5Mirasını kurtarmak için Tasarılarımda bana yardımcı ol ki, Düşmanın ordusunu yeneyim."
6Holofernes'in başına yaklaşan Yudit onun palasını aldı.
7Yatağa daha da yaklaştı, Holofernes'i saçlarından yakaladı ve şöyle dedi: "İsrail'in Tanrısı, bugün bana güç ver!"
8Tüm gücüyle iki defa ensesine vurdu ve başını kesti.
9Sonra Holofernes'in vücudunu yere yuvarladı ve gölgeliği karyola direklerinden aşağı yırttı. Dışarıya çıkıp Holofernes'in başını hizmetçisine verdi.
10O da verilen nesneyi yemek çantasına koydu. Her ikisi ordugâhtan birlikte ayrıldılar. Dua etmeye gittikleri zaman hep öyle yaparlardı. Ordugâhtan uzaklaştılar, vadinin kenarından geçip gittiler. Betulya'ya giden bayırı çıktılar ve kentin kapısına doğru ilerlediler.
Yudit Holofernes'in Başını Betulya'ya Getiriyor
11Yudit kapıdaki nöbetçilere uzaktan bağırdı: "Kapıyı açın! Açın! Çünkü Tanrımız hâlâ bizimledir ve bugün yaptığı gibi İsrail'deki gücünü ve düşmanlarımıza karşı kudretini gösteriyor!"
12Halk Yudit'in sesini duyunca kentin kapısında toplandı ve kentin ileri gelenlerini çağırdı.
13Herkes, yani ileri gelenlerle bütün halk koşarak geldi. Çünkü Yudit beklenmiyordu. Kapıyı ardına kadar açıp kadınlara hoş geldiniz dediler. Aydınlık olması için ateş yaktılar ve kadınların çevresini sardılar.
14O zaman Yudit sesini yükseltip şöyle dedi: "Tanrı'ya övgüler olsun! O'na övgüler olsun! Tanrı'ya övgüler olsun! O İsrail ulusundan sevecenliğini esirgemedi. Bu gece benim elimle düşmanlarımızı yendi!"

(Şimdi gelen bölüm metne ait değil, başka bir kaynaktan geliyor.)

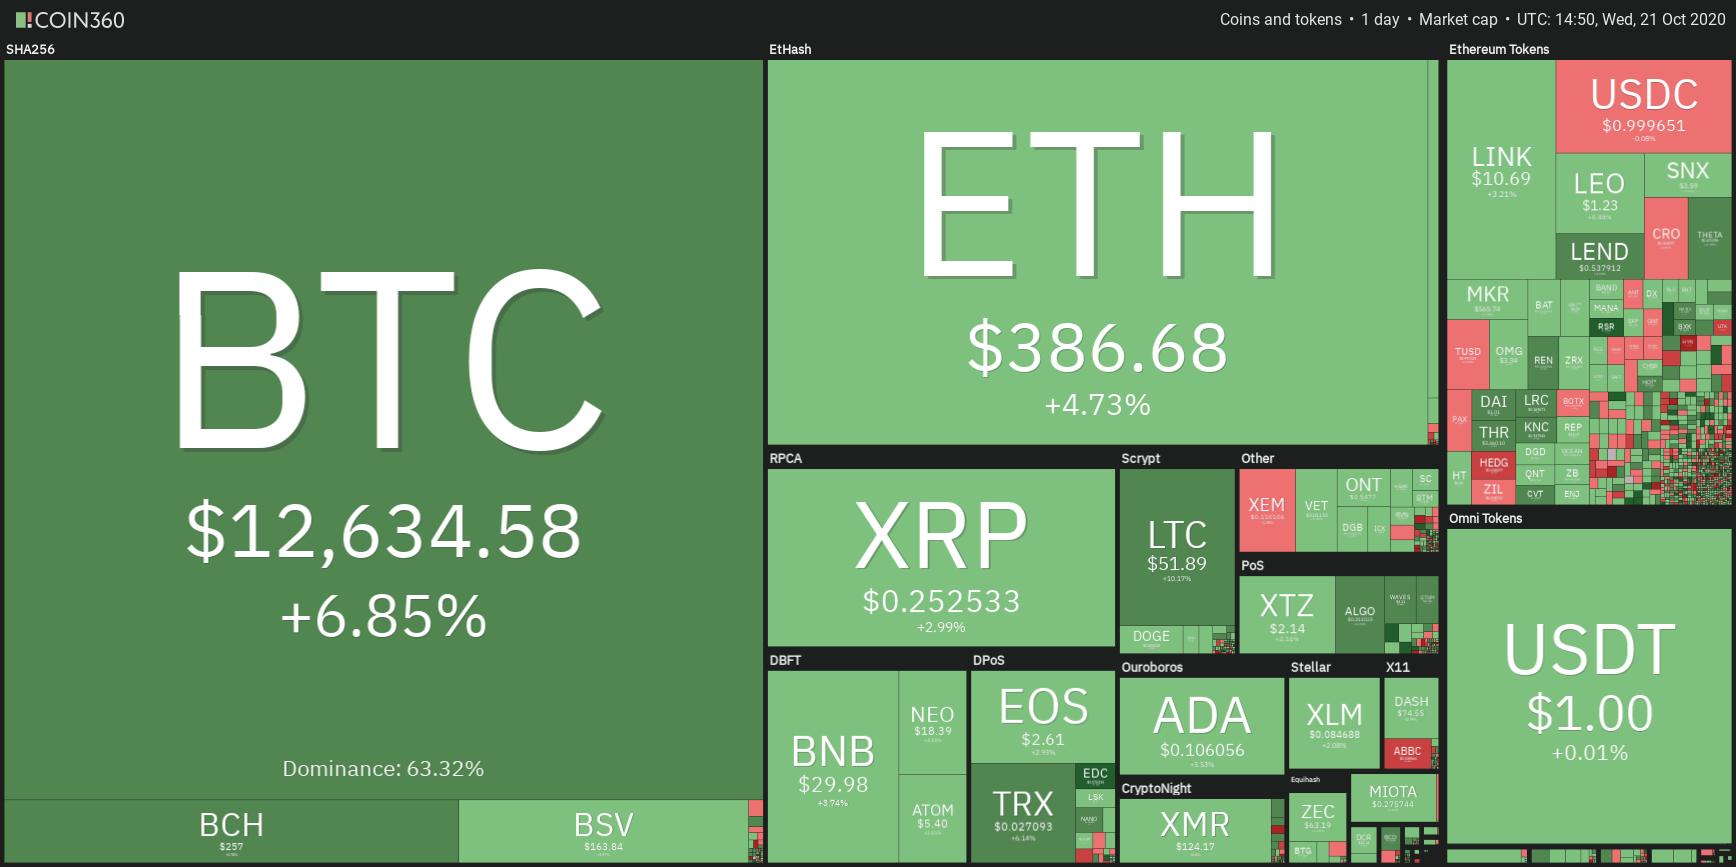 El precio de Bitcoin se eleva a US$12,900. PayPal abre las criptomonedas para todos

15Yudit çantadan Holofernes'in başını çıkartarak herkese gösterdi: "Bu gördüğünüz Asur ordusunun başkomutanı Holofernes'in başıdır. Bu da Holofernes'in altında sarhoş yattığı gölgeliktir! Tanrı bir kadının elini bu işe alet ederek onu yok etti!
16İlerlediğim yolda beni koruyan Tanrı'ya şükürler olsun! Yüzüm onu baştan çıkarttı ve bu da onun sonu oldu. Benimle beni utandıracak veya rezil edecek herhangi bir günah işlemedi."
17Halk çok duygulandı ve diz çöküp Tanrı'ya övgüler sundu. Hep bir ağızdan şöyle bağırdılar: "Tanrımız, bugün ulusunun düşmanlarını yendiğin için sana şükrederiz!"
180 zaman Uzziya Yudit'e şöyle dedi:
"Kızım, yüce Tanrı seni Dünyadaki tüm kadınlardan daha fazla kutsasın! Gökleri ve yeryüzünü yaratan Tanrı'ya şükrederiz. O sana kılavuz oldu, Sen de düşmanımızın önderinin başını kestin.
19Senin güvencini insanlar Hiçbir zaman unutmayacak, Ama onlara daima Tanrı'nın gücünü anımsatacak.
20Tanrı seni hep ünlü ve onurlu yaşatsın, kutsasın, Çünkü ulusumuz çaresizken, Sen kendi yaşamını düşünmedin, Tanrımızın katında kaygılanmadan ilerleyerek Yok olmamızı önledin."
Halk bu sözlere, "Amin! Amin!" diyerek yanıt verdi.